Yes. In the rider app they can check. However it doesn't stick out. You have to open up menu to see rating. It's not in first page when they open app. 
Just rate appropriately. We shouldn't worry about wether they see it or not. 
In most cases they won't notice


----------



## wk1102 (Dec 25, 2015)

Cableguynoe said:


> Yes. In the rider app they can check. However it doesn't stick out. You have to open up menu to see rating. It's not in first page when they open app.
> Just rate appropriately. We shouldn't worry about wether they see it or not.
> In most cases they won't notice


I though since the update it's rigj t upfront when they open the app. I have the old version still.


----------



## Cableguynoe (Feb 14, 2017)

This is what you see when your open app









So a pax and keep requesting rides without seeing their rating.

Just double checked. I do have latest version on iOS


----------



## wk1102 (Dec 25, 2015)

A


Cableguynoe said:


> This is what you see when your open app
> 
> View attachment 154562
> 
> ...


Ah. Thanks


----------



## JimKE (Oct 28, 2016)

wk1102 said:


> I though since the update it's rigj t upfront when they open the app. I have the old version still.


I think I have the latest Android rider app, and it's not immediately visible. However, when you touch the menu bars, it's right next to your picture. Pretty hard to miss if you look there.


----------



## UberBastid (Oct 1, 2016)

I can't find it on my riders ap, even looking for it.


----------



## Cableguynoe (Feb 14, 2017)

UberBastid said:


> I can't find it on my riders ap, even looking for it.


If you haven't taken at least 10 rides, I don't think it shows your rating



Cableguynoe said:


> If you haven't taken at least 10 rides, I don't think it shows your rating


Which is another point. A new rider will start with 5.0. But they can't see that. You downrate a new rider and they can't see it even if they look for it.


----------



## UberBastid (Oct 1, 2016)

Cableguynoe said:


> If you haven't taken at least 10 rides, I don't think it shows your rating.

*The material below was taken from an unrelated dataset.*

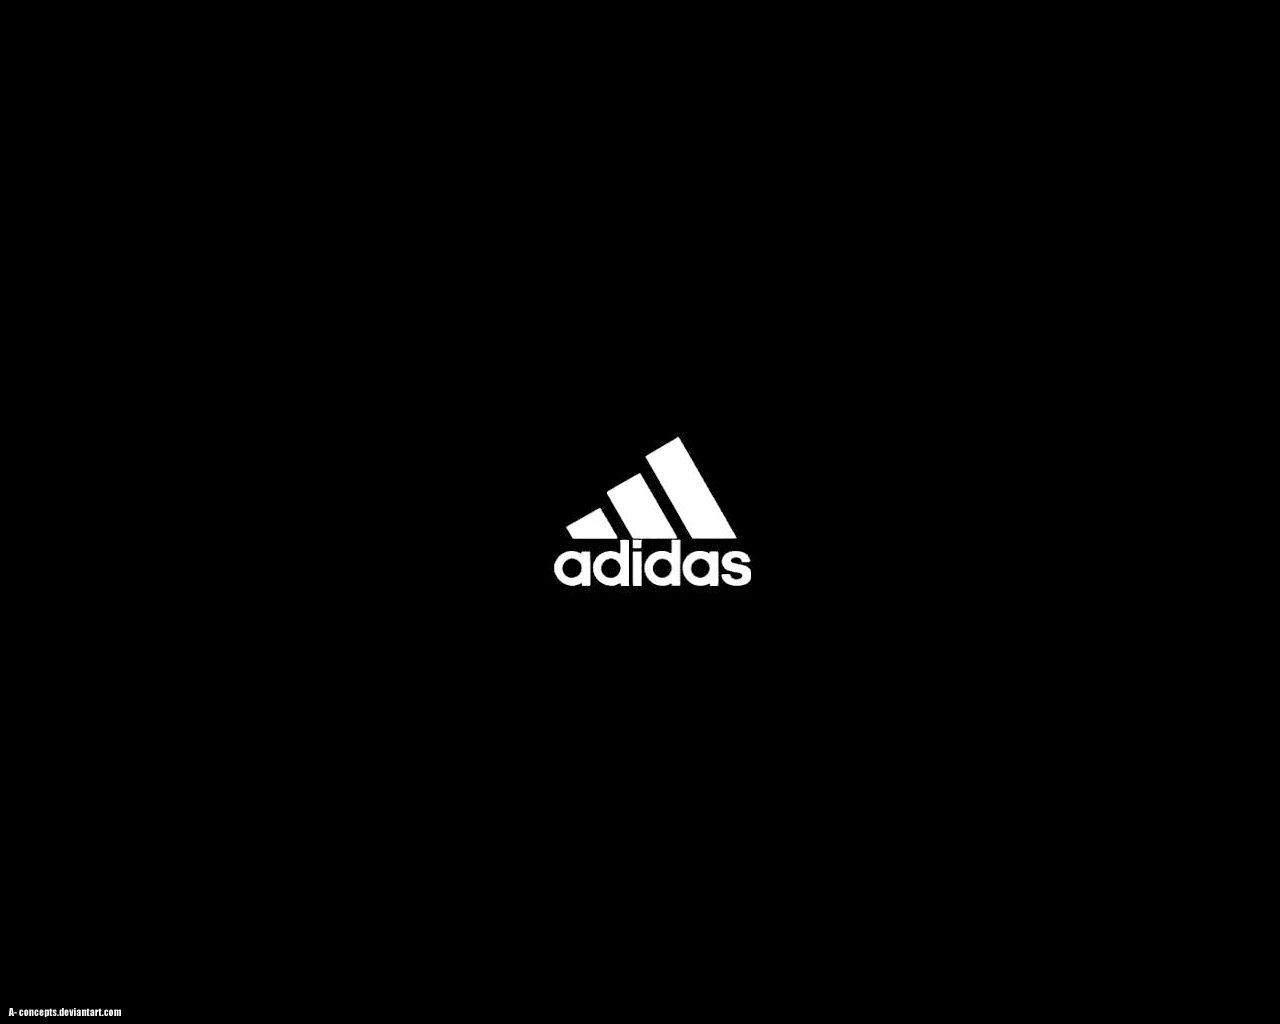 Free Adidas Logo Wallpapers - Wallpaper Cave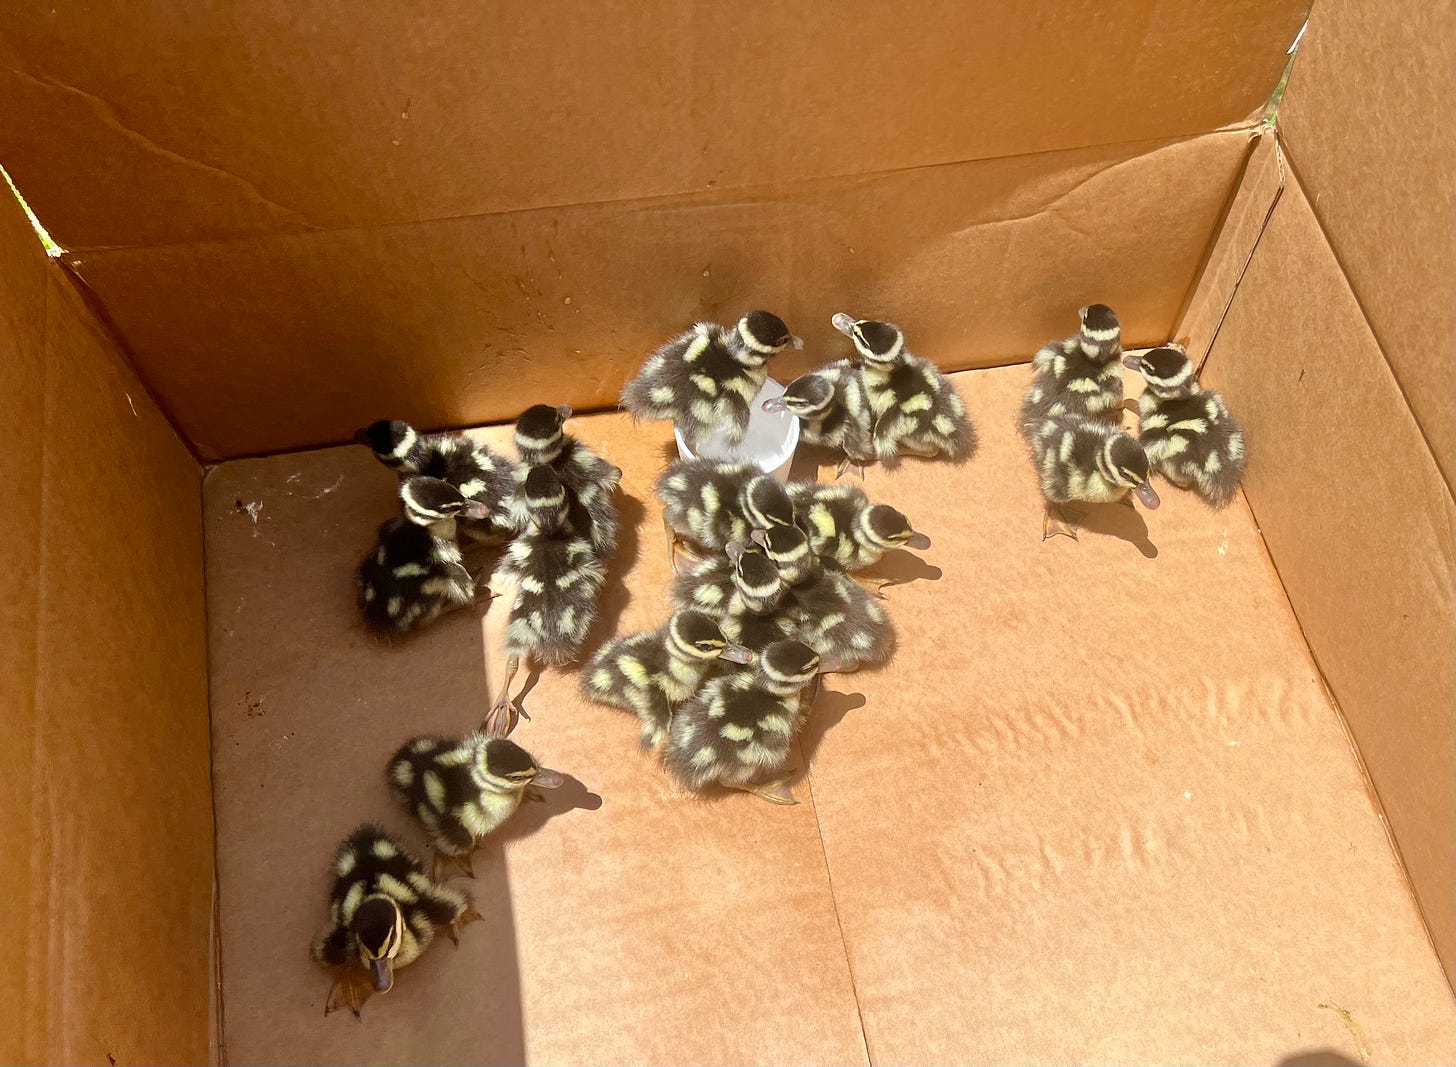 Black-bellied whistling duck ducklings in a cardboard box

I have many Uber rides, over ten.
Can't find it.


----------



## Cableguynoe (Feb 14, 2017)

UberBastid said:


> I have many Uber rides, over ten.
> Can't find it.












Right there. What does yours show?


----------



## UberBastid (Oct 1, 2016)

Shows my pix and name ... nothing under that.
Where your 5* is .... blank for me.


----------



## Cableguynoe (Feb 14, 2017)

UberBastid said:


> Shows my pix and name ... nothing under that.
> Where your 5* is .... blank for me.


Weird. Maybe it's so low they don't want you to know your rating.


----------



## UberBastid (Oct 1, 2016)

Cableguynoe said:


> Weird. Maybe it's so low they don't want you to know your rating.


Ha. Maybe.
But, I shower regularly, and brush my teeth.
I tip every time, at least $5.
And, I'm 'toes on the curb' when they arrive. 
Never slam a door, ask for stops, fart in the car, eat food or pop a beer or hit on the driver. 
But, maybe. You know how these Uber drivers are.


----------



## dnlbaboof (Nov 13, 2015)

niether can I on android but my last ride was like 9 months ago


----------



## Cableguynoe (Feb 14, 2017)

UberBastid said:


> You know how these Uber drivers are.


I don't get them. I really don't.


----------